Task objective => Skip the pictures and write out, word for word, the lines below from the one with "cellebrite logo2" through the one with "Cinestock Open-Air & Drive-in Movie Nights", inclusive.

──────── Provided entries ────────

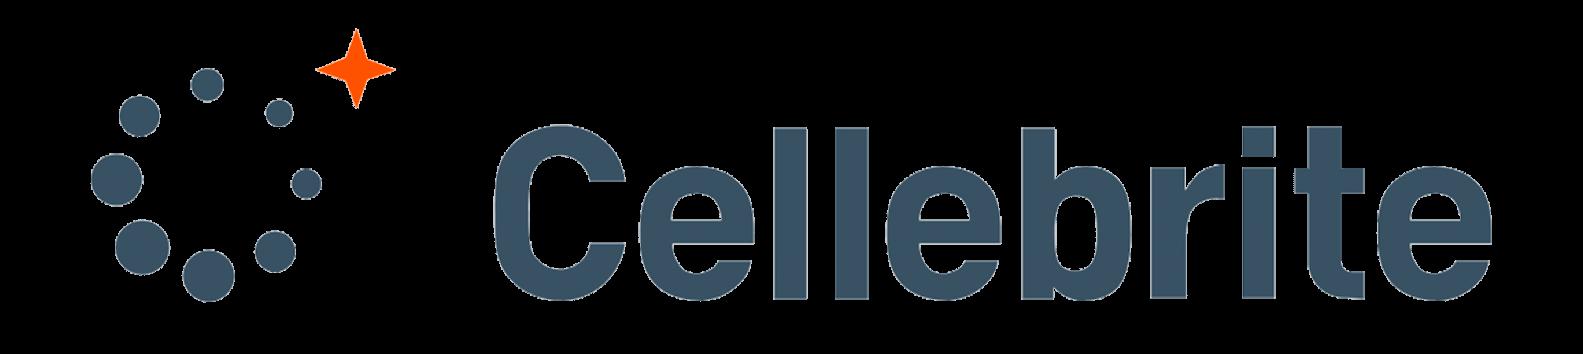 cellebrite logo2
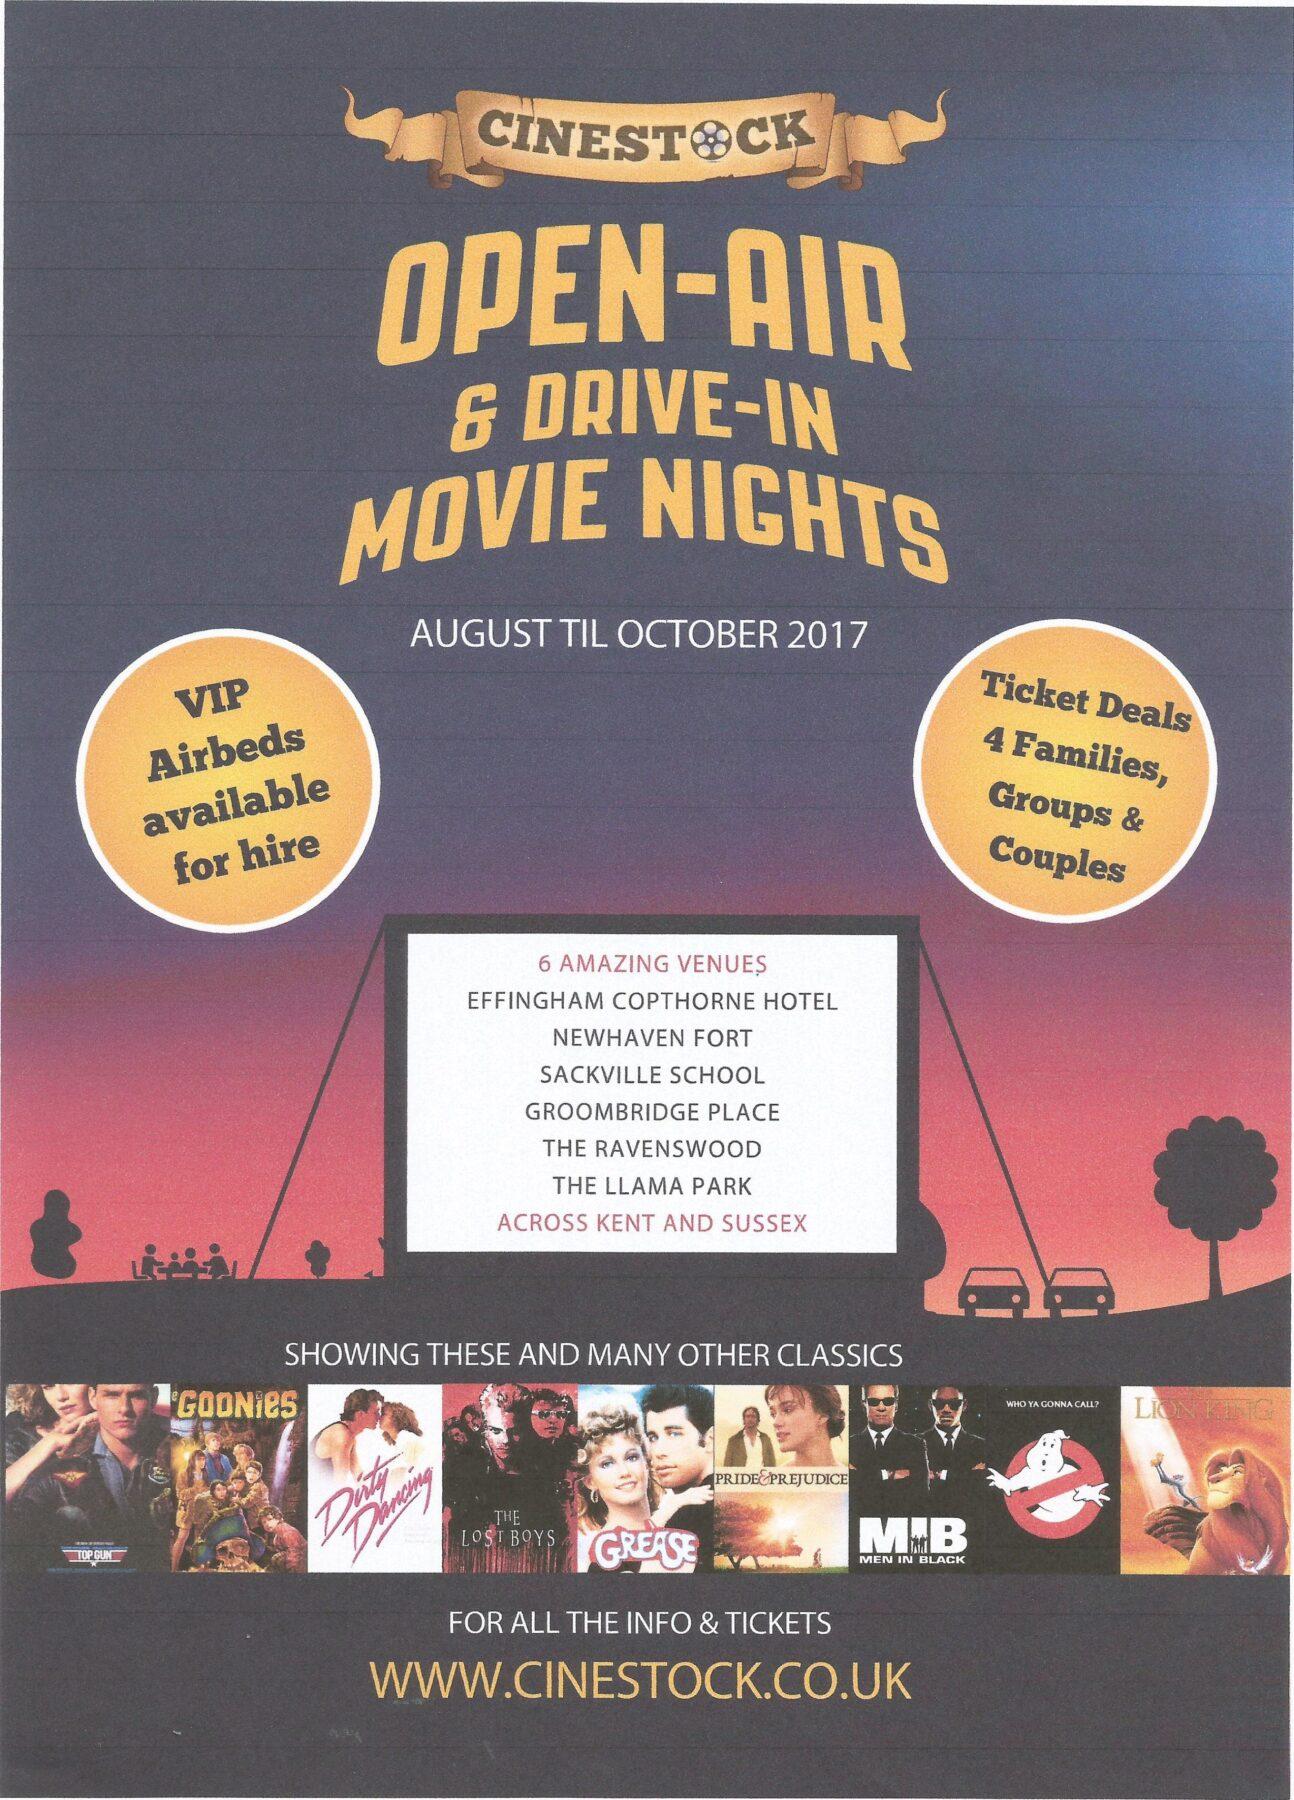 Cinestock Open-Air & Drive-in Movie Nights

────────
──────── Provided entries ────────

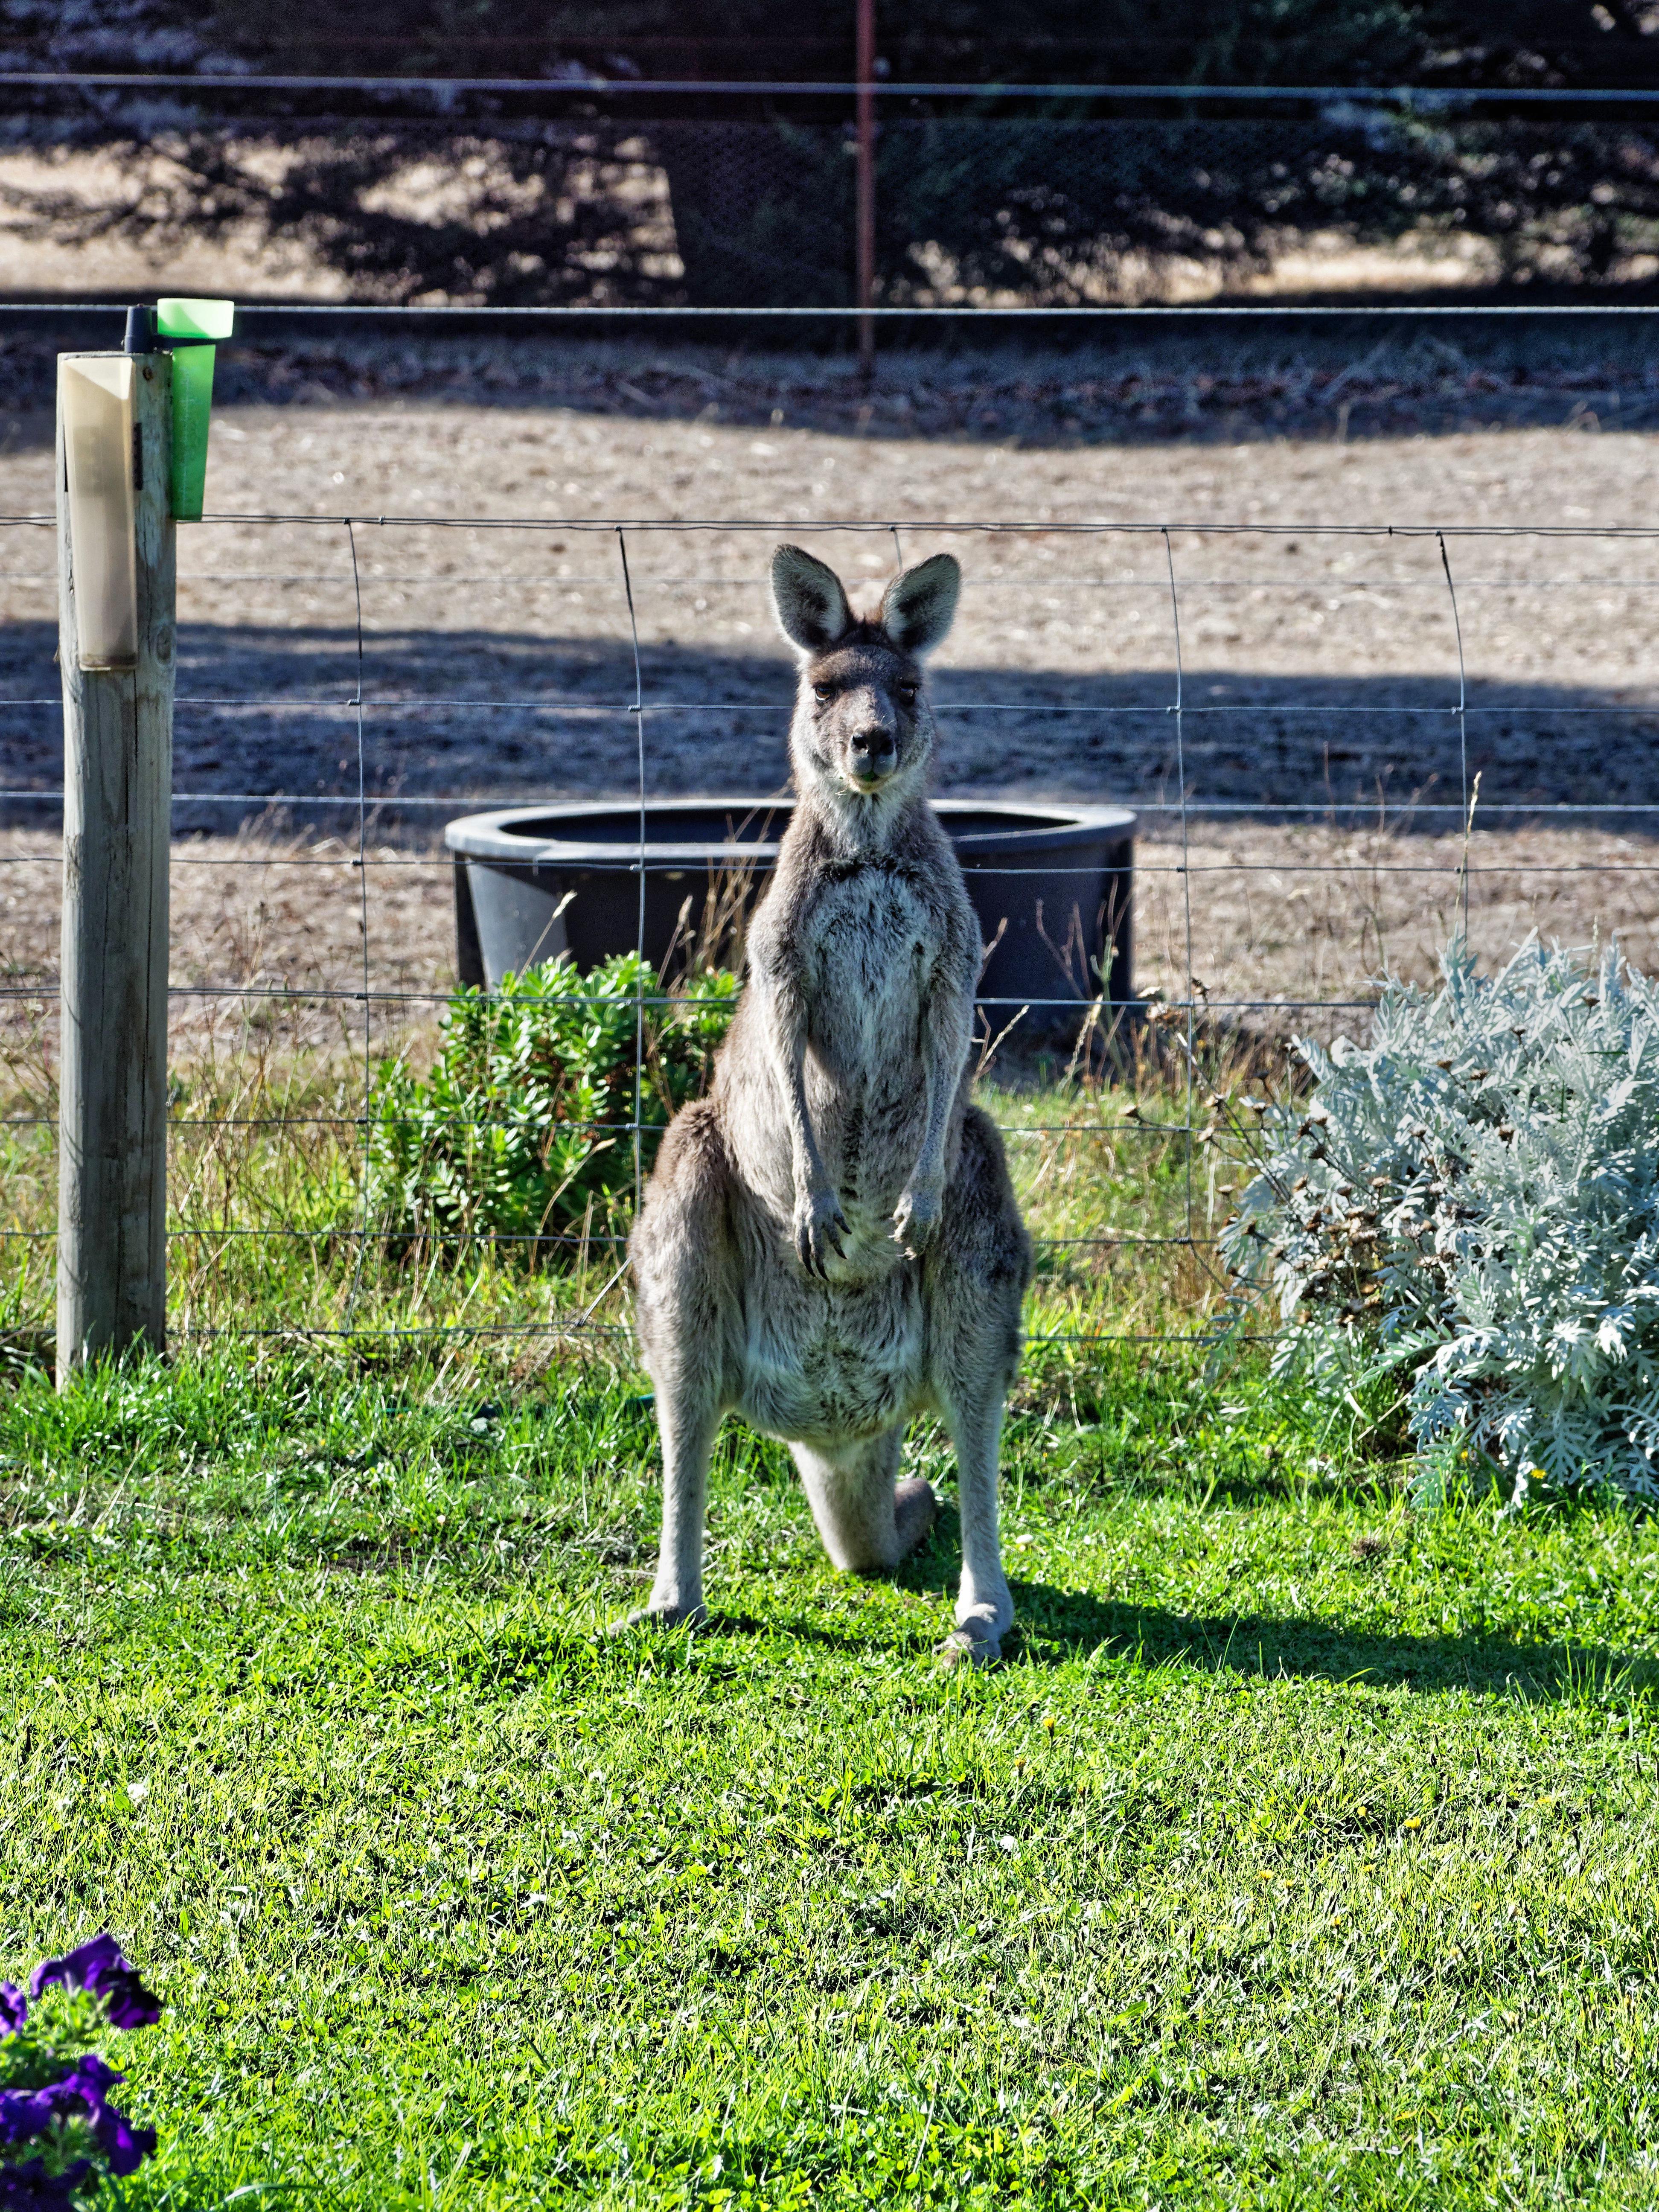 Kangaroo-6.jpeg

────────
──────── Provided entries ────────

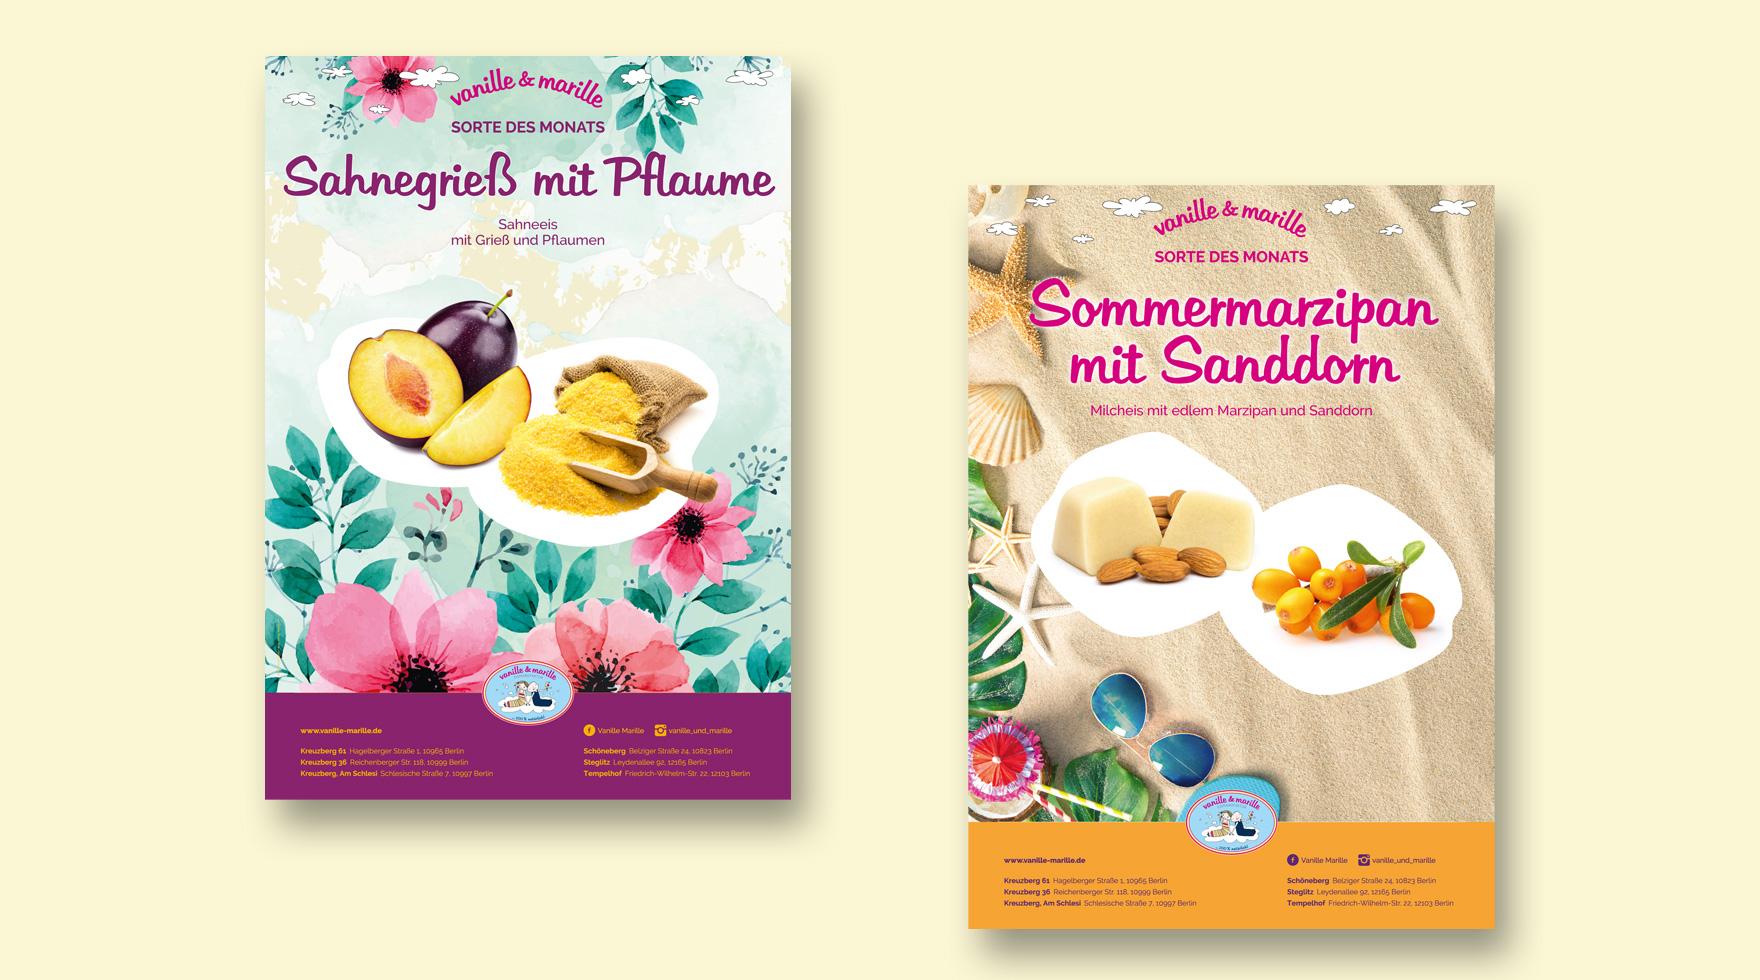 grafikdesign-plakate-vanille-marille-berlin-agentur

────────

Written reply =>
 cellebrite logo2
 Cinestock Open-Air & Drive-in Movie Nights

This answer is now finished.